Background: Most structured reporting tools (eg:BW) or ETL processes don’t bring in all fields available in source systems, these are deployed using a predefined datamodel (dimensions/measures) that collects fields from different tables and limit what’s initially available for reporting, restricting the ability of Analysts to explore additional fields.

Eg: Financial reporting models built using ACDOCA or BSEG or FAGLFLEXA tables- Irrespective of the approach(CDS views or BW models), these don’t bring all fields from the source as they mostly focus on meeting initial requirements from primary stakeholders.

Additional fields maybe available in SAP transaction systems and to make them available for reporting, multiple cycles of enhancements are implemented, reflecting a dependency on different support teams and time involved to meet these requirements.

Solution With a data lake that replicates tables from SAP, Analysts working with functional resources can build models that meet their specific needs.
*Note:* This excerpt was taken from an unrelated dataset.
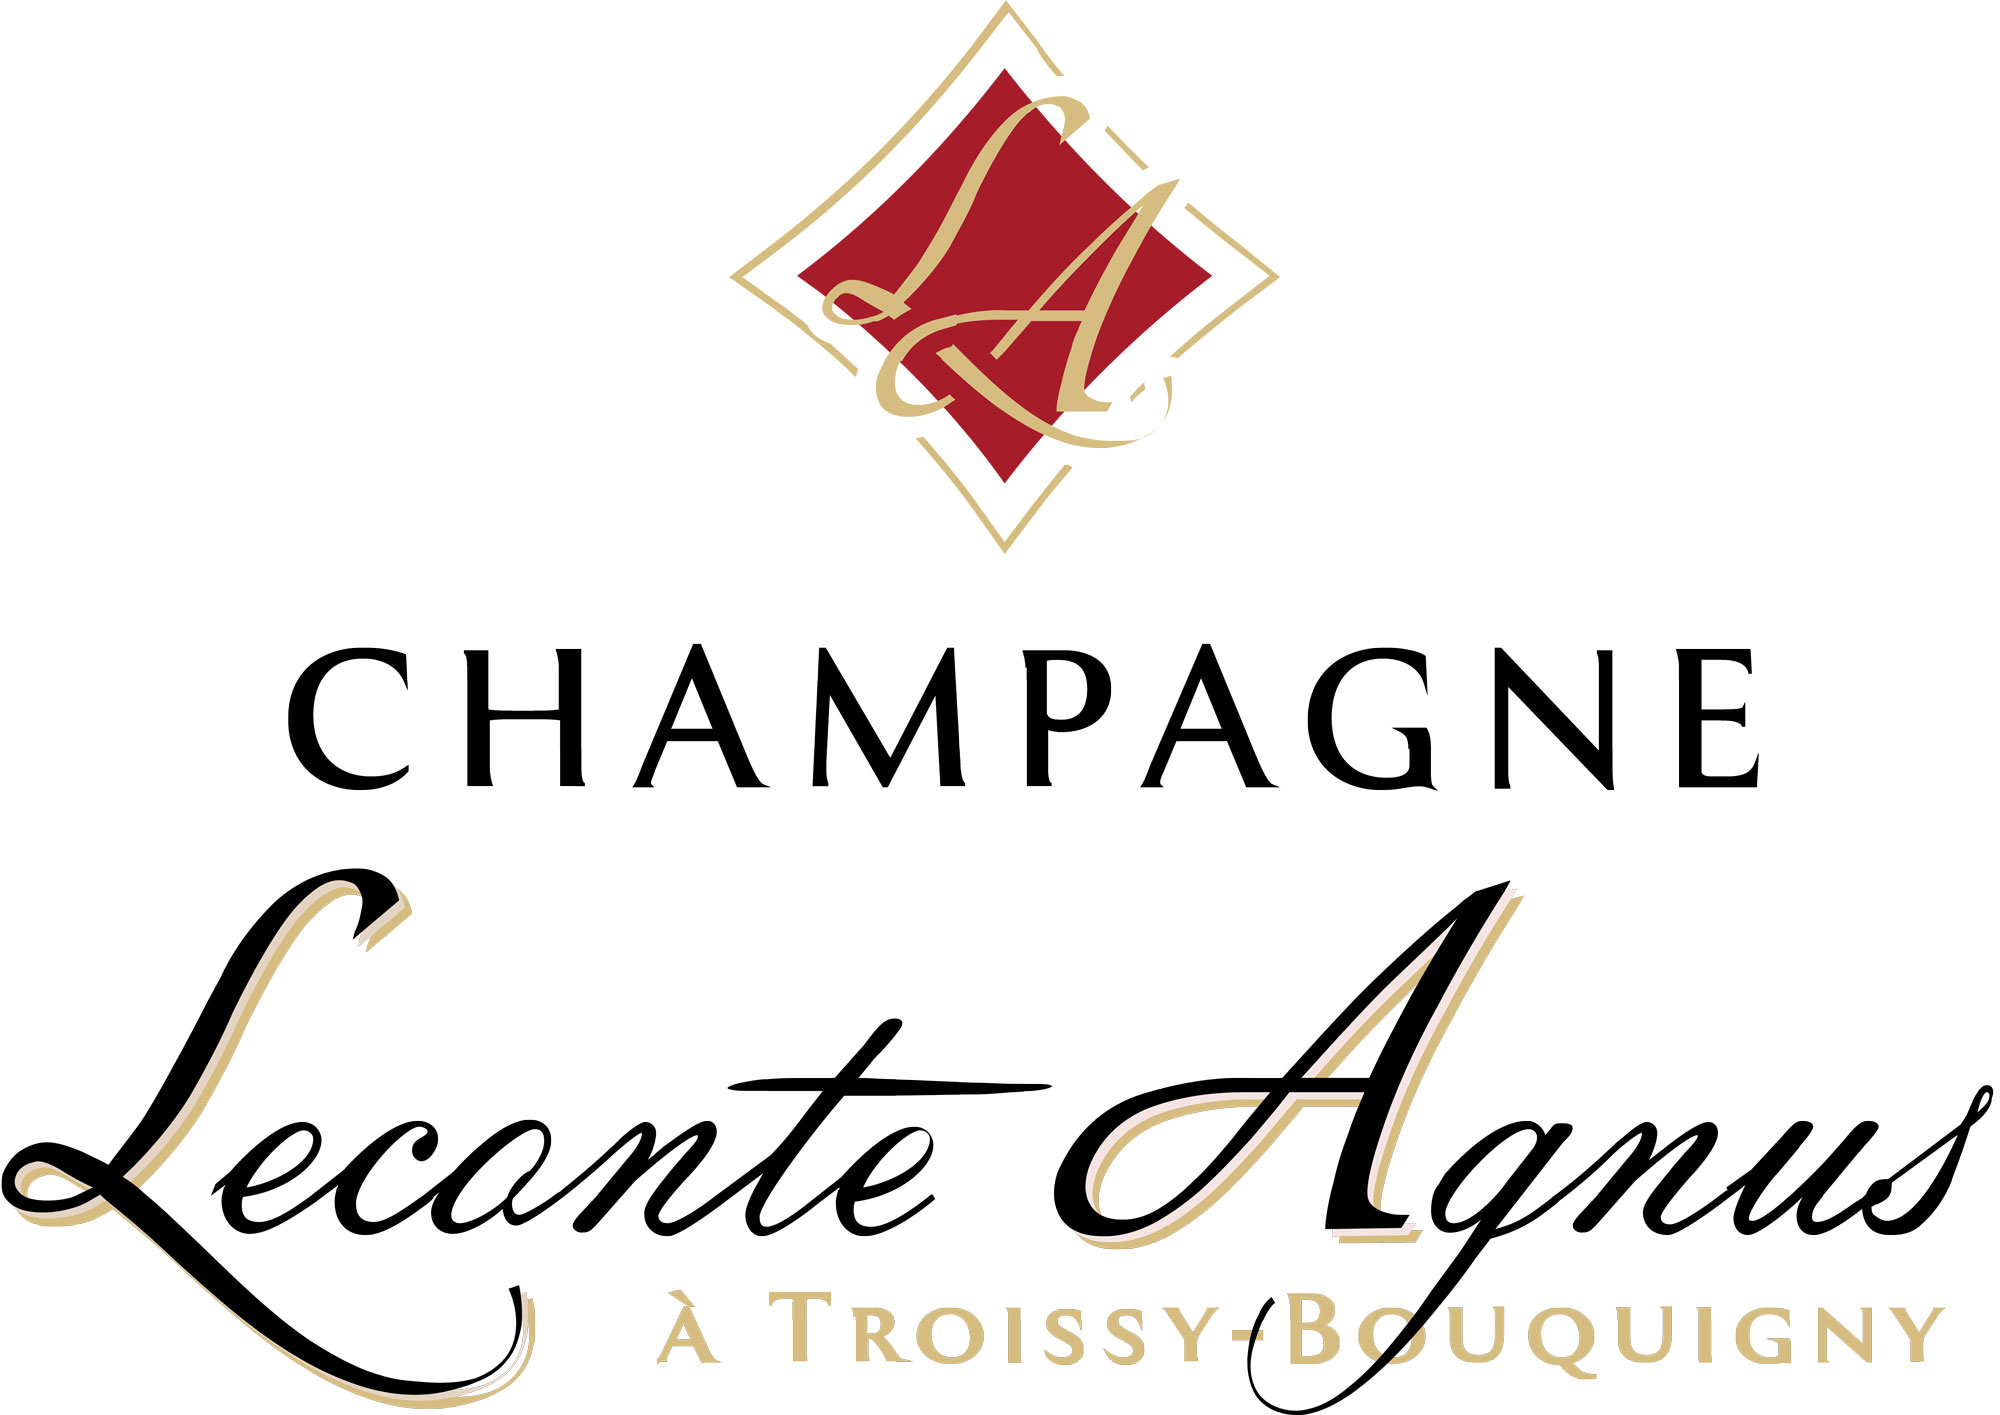 Champagne Leconte-Agnus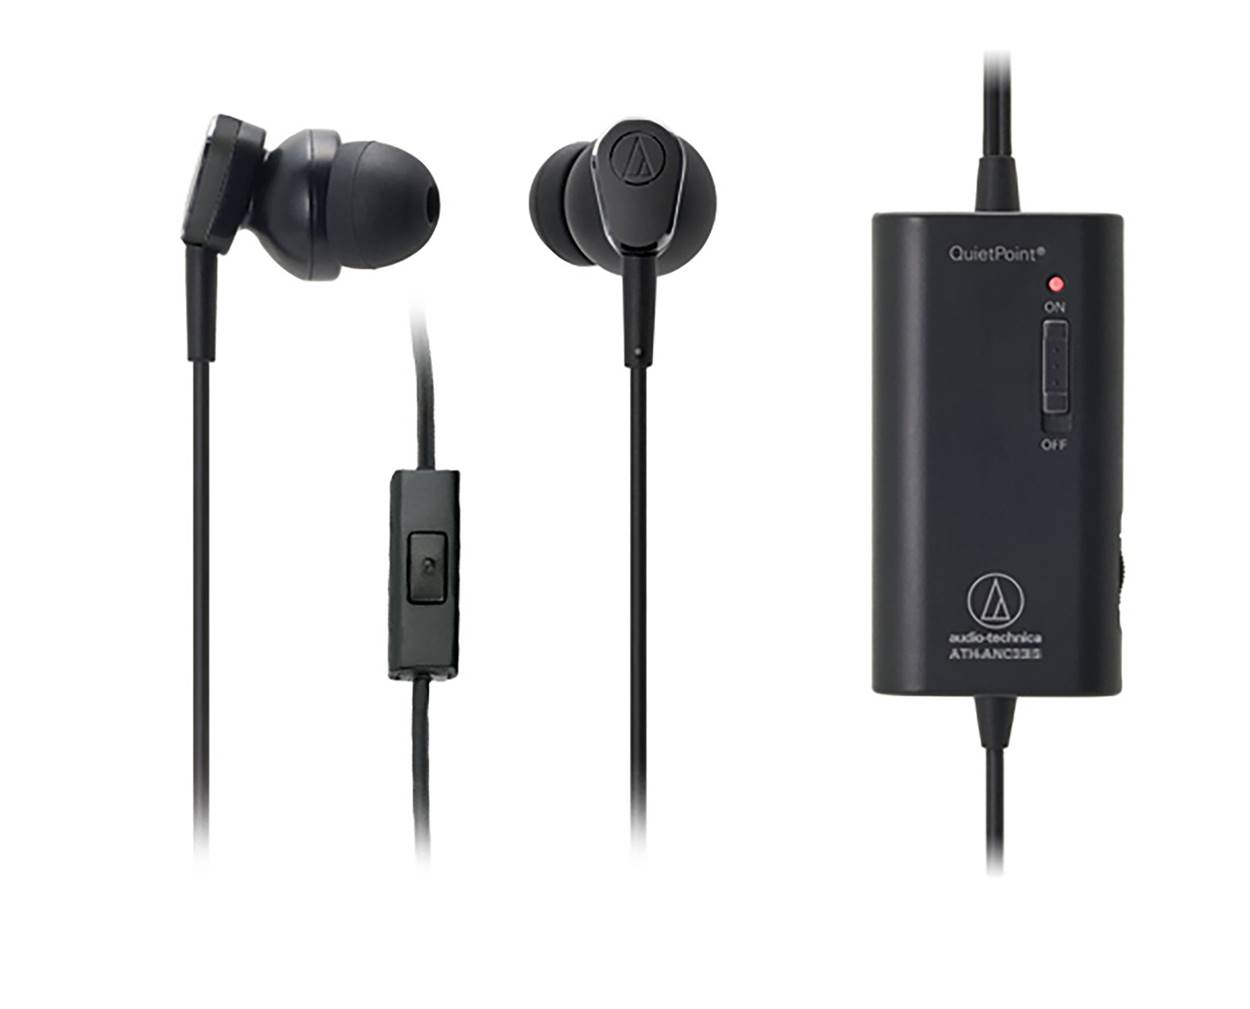 Audio-Technica ATH-ANC33iS Earphones

If replications are managed through SAP SLT, then it enables near realtime (possible delay of a few seconds) reporting. Review must be done with functional consultants to ensure that tables being replicated dont have confidential content.

As part of this blog series, we shall see some models that reflect SAP transactions or commonly used reporting metrics.

Factors that are not addressed in this blog but must be considered:

Organization of reporting models and data lake tables, if not using similar reference as SAP Application components. This becomes Important for managing confidentiality and ensuring personal information of customers, employees and vendors is only available to those that need it as part of their business roles.

Security models needed for

Here's the first script:

Script for Plant maintenance object status

Need: Near real time availability of object status’ for Plant maintenance, eg: an emergency order created for addressing critical equipment failure, the status and progress of investigation needs to be communicated through the manufacturing channels for them to manage bottlnecks in production.

Solution: Below layout provides a simplified overview of how different tables are joined together with their respective fields.

Tables used:

JEST-Individual Object Status

JCDS-Change Documents for System/User Statuses (Table JEST)

JSTO- Status object information

TJ02-System status

TJ02T - System status texts

TJ04- Status control for object type

TJ30- User Status

TJ30T- Texts for User Status

Object status tables relationship overview

Script below provides active status’ for all Plant maintenance objects . To view all instances of status changes remove the JEST.INACT is NULL clause/restriction. Each table and the filter condition starts with a comment(begins with --) to show what it represents. May have to tweak formatting based on tool being used, especially the comments section.

SELECT



JEST.OBJNR AS OBJECT_NUMBER,



JSTO.OBTYP AS OBJECT_CATEGORY,



SUBSTR(JEST.OBJNR, 3) AS OBJECT,



JEST.STAT AS OBJECT_STATUS,



(CASE WHEN LEFT(JEST.STAT, 1) = ‘I’ THEN ‘SYSTEM’ ELSE ‘USER’ END) ASSTATUS_TYPE,



(CASE WHEN LEFT(JEST.STAT, 1) = ‘I’ THEN TJ02T.TXT04



ELSE TJ30T.TXT04 END) AS STATUS_SHORT_TEXT,



(CASE WHEN LEFT(JEST.STAT, 1) = ‘I’ THEN TJ02T.TXT30



ELSE TJ30T.TXT30 END) AS STATUS_LONG_TEXT,



JSTO.STSMA AS STATUS_PROFILE,



JCDS.USNAM AS STATUS_CHANGED_BY,



JCDS.UDATE AS STATUS_CHANGED_DATE,



JCDS.UTIME AS STATUS_CHANGED_TIME,



JCDS.CHIND AS STATUS_CHANGED_TYPE,



TJ04.INIST AS SYSTEM_STATUS_INITIAL_STATUS_FLAG,



TJ04.STATP AS SYSTEM_STATUS_DISPLAY_PRIORITY,



TJ04.LINEP AS SYSTEM_STATUS_LINE_POSITION,



TJ02.NODIS AS SYSTEM_STATUS_NO_DISPLAY_INDICATOR,



TJ02.SETONLY AS SYSTEM_STATUS_SET_ONLY_INDICATOR,



TJ30.STONR AS USER_STATUS_WITH_NUMBER,



TJ30.INIST AS USER_STATUS_INITIAL_STATUS_FLAG_INDICATOR,



TJ30.STATP AS USER_STATUS_DISPLAY_PRIORITY,



TJ30.LINEP AS USER_STATUS_LINE_POSITION,



CASE WHEN TJ30.LINEP = ’01’ THEN TJ30T.TXT04 END ASPOSITION1_USER_STATUS



FROM JEST --Individual object status



INNER JOIN JCDS -- Change Documents for System/User Statuses (Table JEST)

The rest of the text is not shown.